Proximal mappings and the Douglas-Rachford algorithm

I discuss basics on proximal splitting schemes for convex optimization. The main motivation is to provide background for the methods used in 'Optimal Transport with Proximal Spliting' by Papadakis et al to solve Benamou-Brenier's formulation of the Wasserstein-2 distance.

Proximal Algorithms

We develop algorithms aiming to solve the problem

\[\min_{x \in \mathcal{H}} f(x) + g(x)\]

where \(f\) and \(g\) are assumed to be proper convex closed functions.

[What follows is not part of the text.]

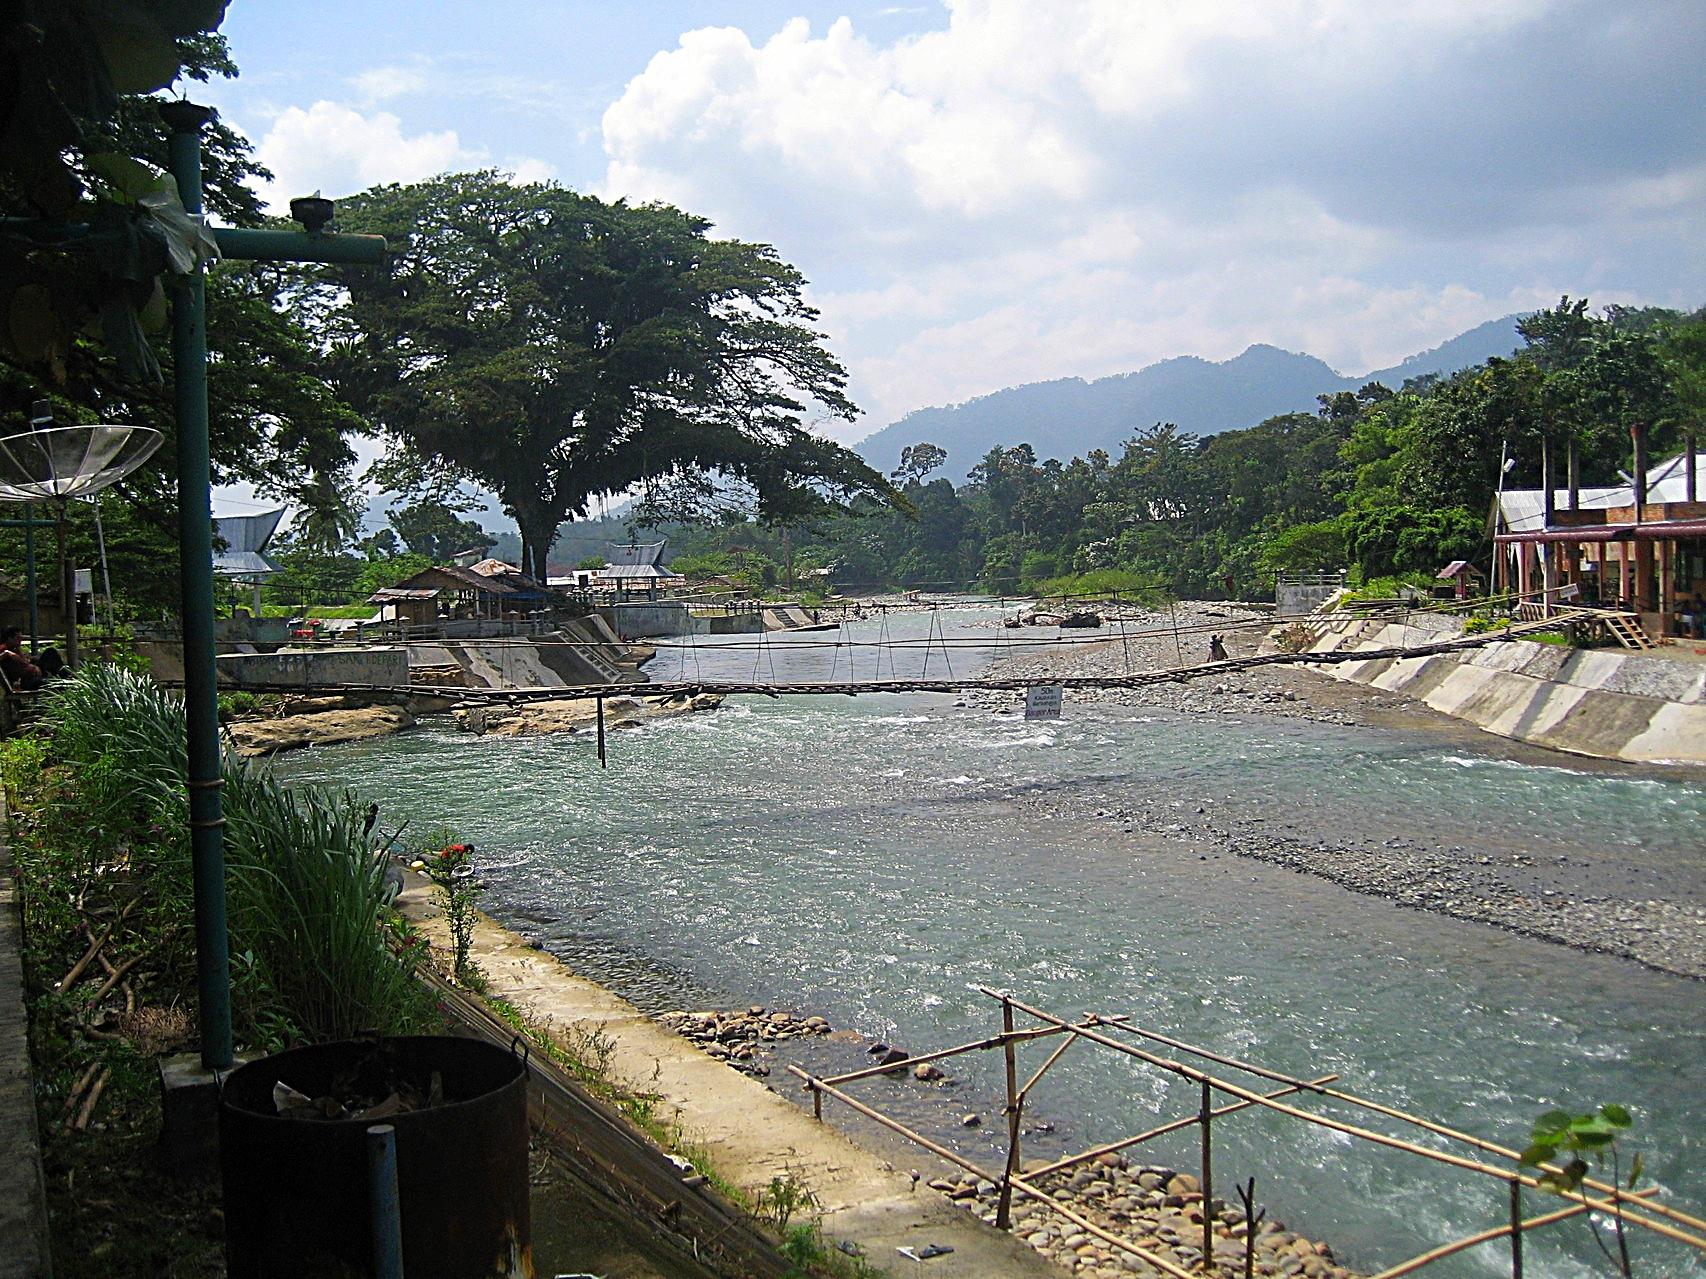 Bohorok River in Bukit Lawang

The main motivation to survey these methods comes from reading the article ‘Optimal Transport with Proximal Splitting’ by Papadakis et al . Since these derivations are not discussed in the paper, I found the monograph of Parikh and Boyd as well as the Dirk Lorenz’s regularize blog to be particularly useful.

Definitions

Definition 1: A function is said to be closed if its epigraph (area over the curve) is closed.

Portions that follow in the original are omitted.